I do. If they go through with it than they’re not much better than Google.
If they don’t have enough money maybe they could start with cutting the CEO’s pay.
this need to start from inside the company, lile the employers timing a walkout of something, other than that everything gonna stay the same
I haven’t read through the issue, but so far all of Mozilla’s endeavours into ads have been stellar privacy-wise.
And their CEO stepped back a few weeks ago. It’s well possible that the intermediary/new CEO won’t get as much payment, because losing them to a competitor will not hurt as badly.
already
How considering to show ads and allow to opt out is worse that google? Have you watch Youtube?
Likening this to the evils of google is such a wildly dishonest take lmao
On the contrary, it’s the only comparison you can make, since they are literally the only options.
Why? Do you really think Google started out evil, and not step by step by implementing “improvements” similar to this one?
That bugzilla page says they targeted version 122 for this change. I have Firefox 122 on my PC and when I look at the about:config page, that setting is still set to False. I think y’all are freaking out about a very small thing.
If you use Firefox, and you check your about:config page and you see true for that setting, then just change it to false and go about your day.
Or are we all just talking philosophically about this?
Sure, you can change literally everything about Firefox if you pay a time cost. The defaults do matter because that’s one more thing to fix when installing it. We could say this about any negative feature.
With Firefox sync you only ever have to do it once.
Firefox is a super easy install for me. Install login and all of my settings auto apply.
I agree with all of that. 👍
I just didn’t see anyone else addressing where the change lives in the browser and how to un-do it if you want to opt out.
I really don’t understand where they are going with Mozilla’s new leadership.
Don’t they already show ads in pinned sites area.

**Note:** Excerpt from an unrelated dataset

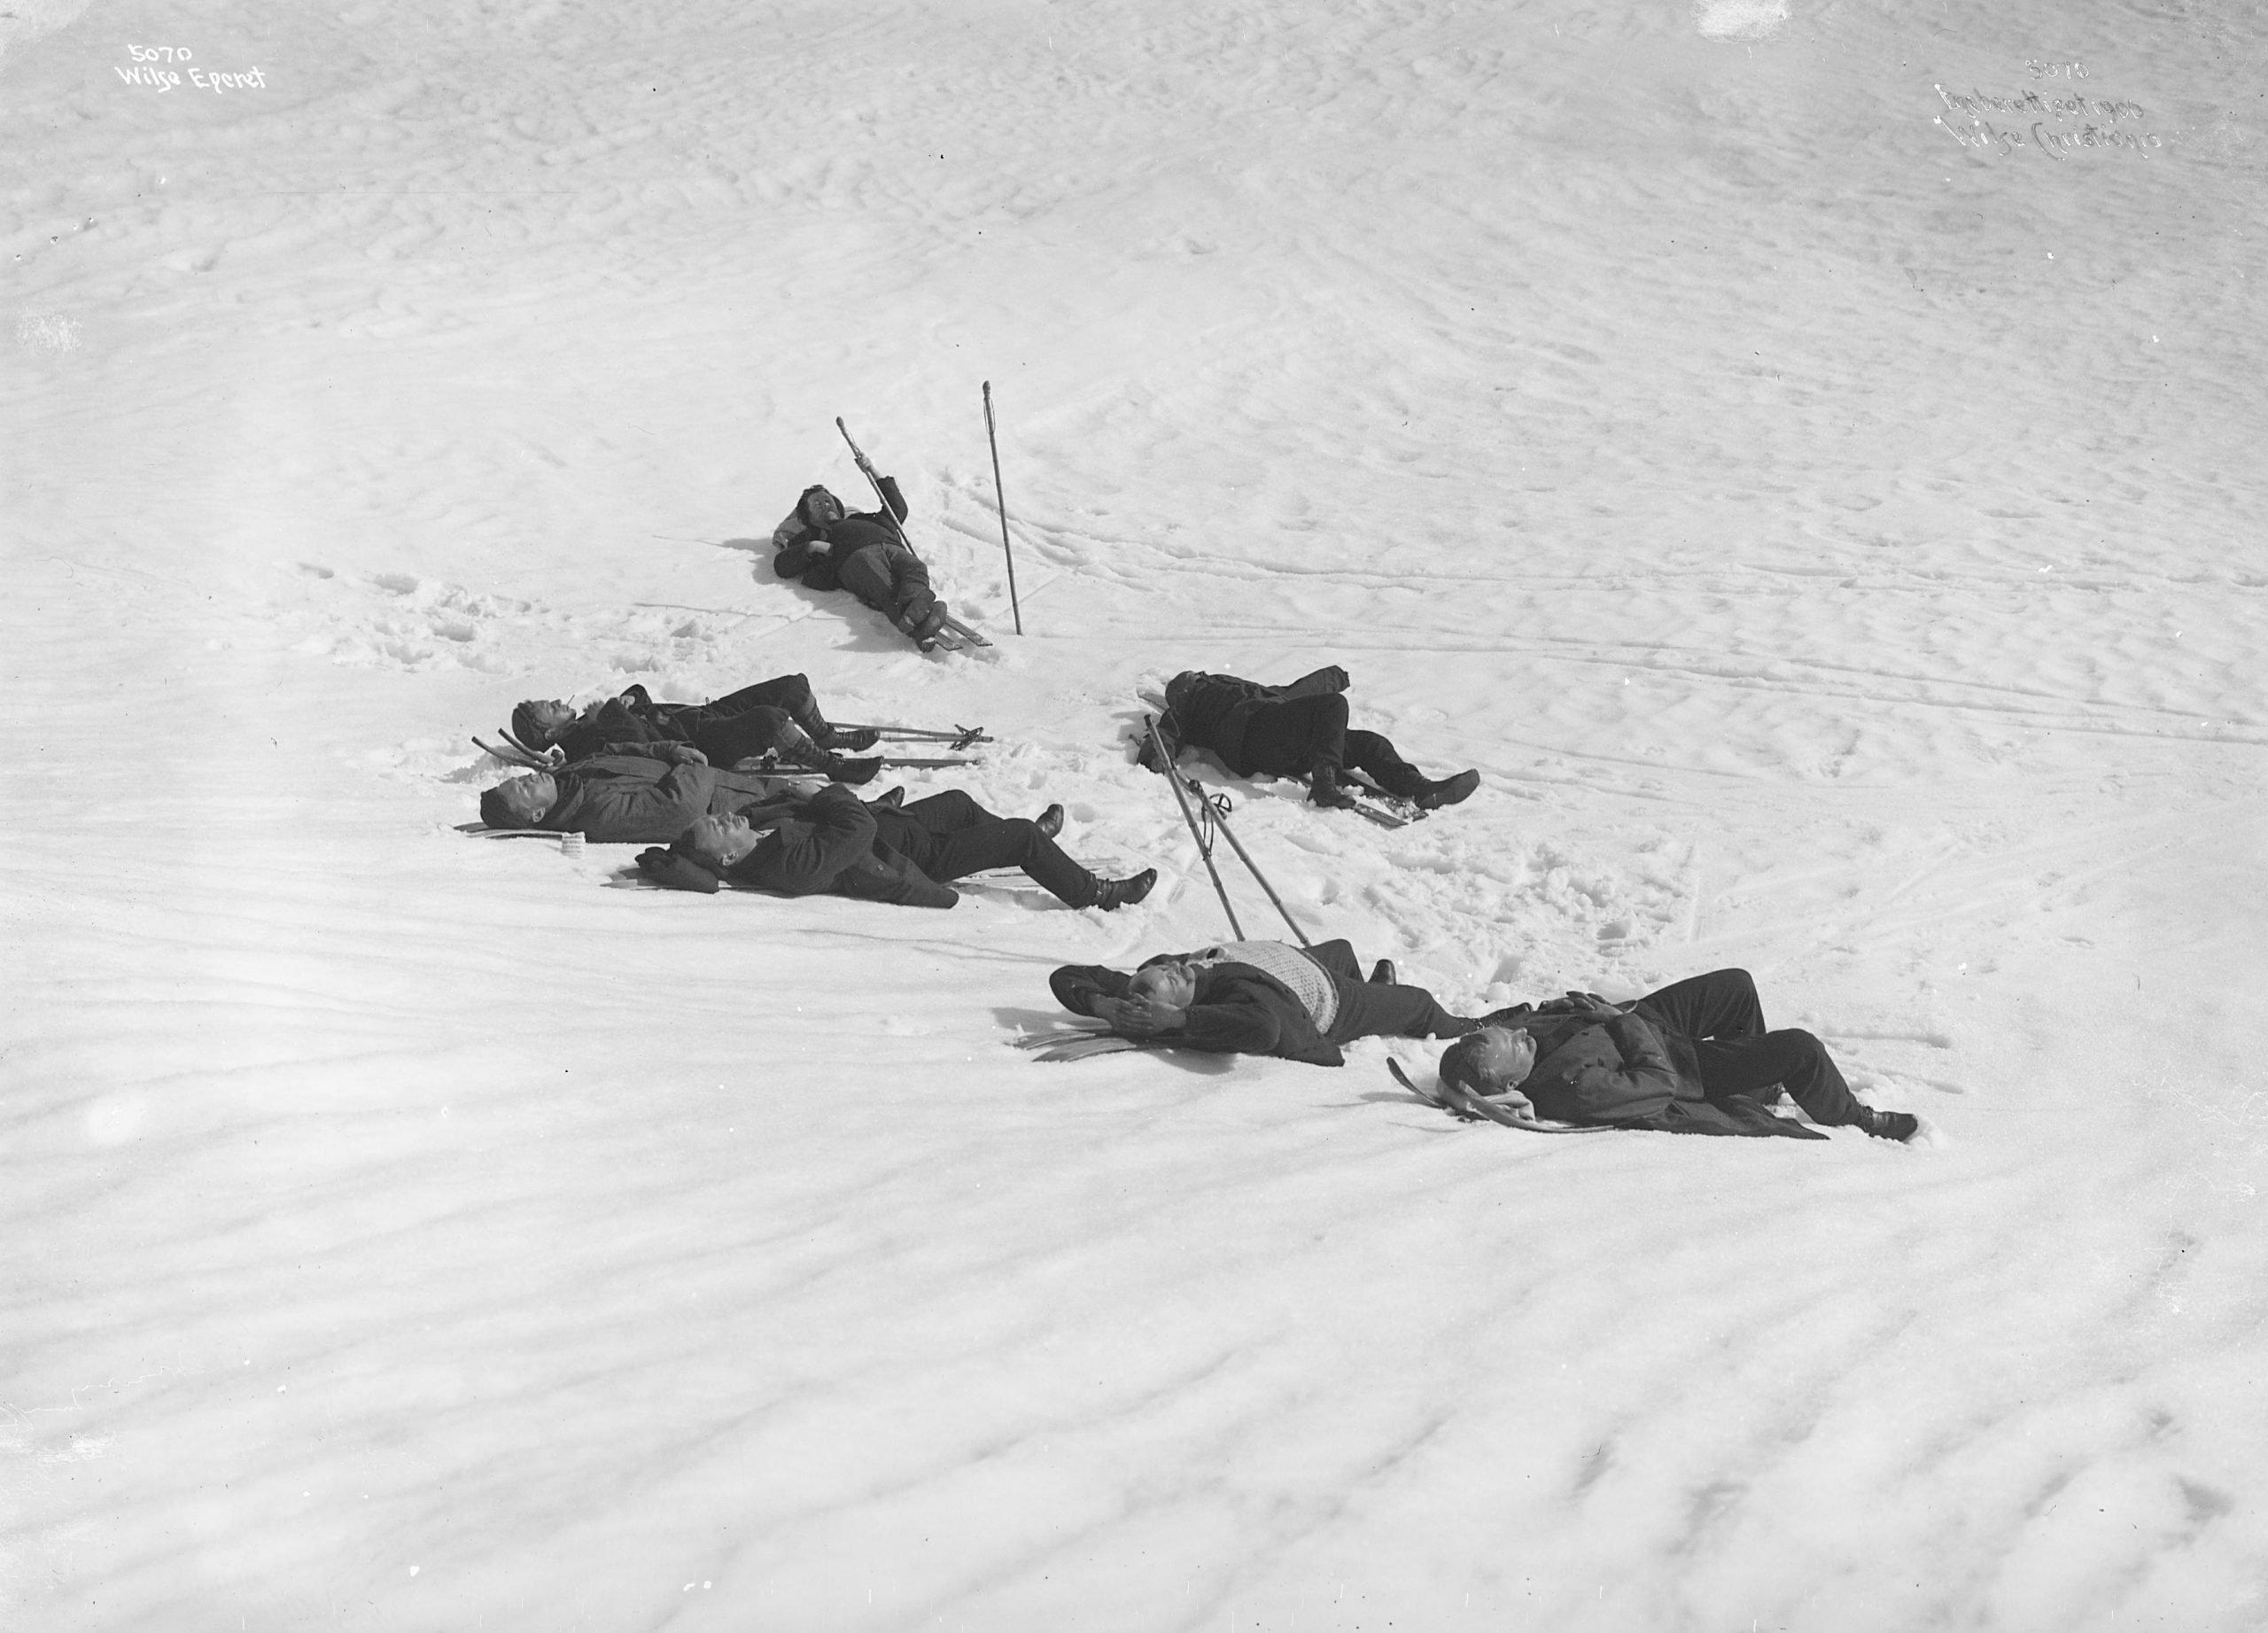 After a long winter, the Norwegians can't get enough of the warming sun. røttum, Sjusjøen, Ringsaker, Hedmark, Norway - Easter in 1906. | Photo: Anders Beer Wilse - Norsk Folkemuseum cc pdm.

Since I am not a regular donor I click on the affiliate amazon link if I am purchasing something to support them. Now I feel like they are taking wrong signal due to this. More advertising enabled by default will make even harder to recommend firefox to new users.
If you don’t use the “review checker” feature, which I didn’t know existed until now, you will be unaffected by this change.
Don’t they already do this with Firefox Suggest?
WTF?
It seems highly likely that you have mischaracterized the meaning of browser.shopping.experience2023.ads.userEnabled but it doesn’t matter. The mere existence of browser.shopping.experience2023.ads.userEnabled is damning enough on its own.
I remember the last few versions of Netscape Communicator had a “Shop” button.
This was the sign that Netscape had lost the browser war and was giving up.
I remember the Amazon icon on Ubuntu. It is why I initially gave up on Linux after the first install…like WTF I don’t want Amazon in this new to me OS.
Librewolf
I found its privacy settings too restrictive. I ended up moving to Floorp which is much closer to the Vanilla FF
Waterfox is a good fork to move to
If Firefox goes down because of lack of funding, so will waterfox. You will be forced to move to Chromium for security and basic web features.
Is there a picture of what this actually looks / would look like? Honestly, although it is going down a bad path, it isn’t actually all that surprising. Firefox already has sponsored address bar suggestions by default.
I mean good, as long as they don’t build in shitty tracking and stuff.
It makes them less dependent on Google money.
Indeed. Firefox already has “sponsored links” and such in the built-in homepage, I simply disable those when I first install it and get on with life.
Big projects like Firefox need big money to support it. If you don’t want it to be beholden to Google it needs to find ways to earn some on its own.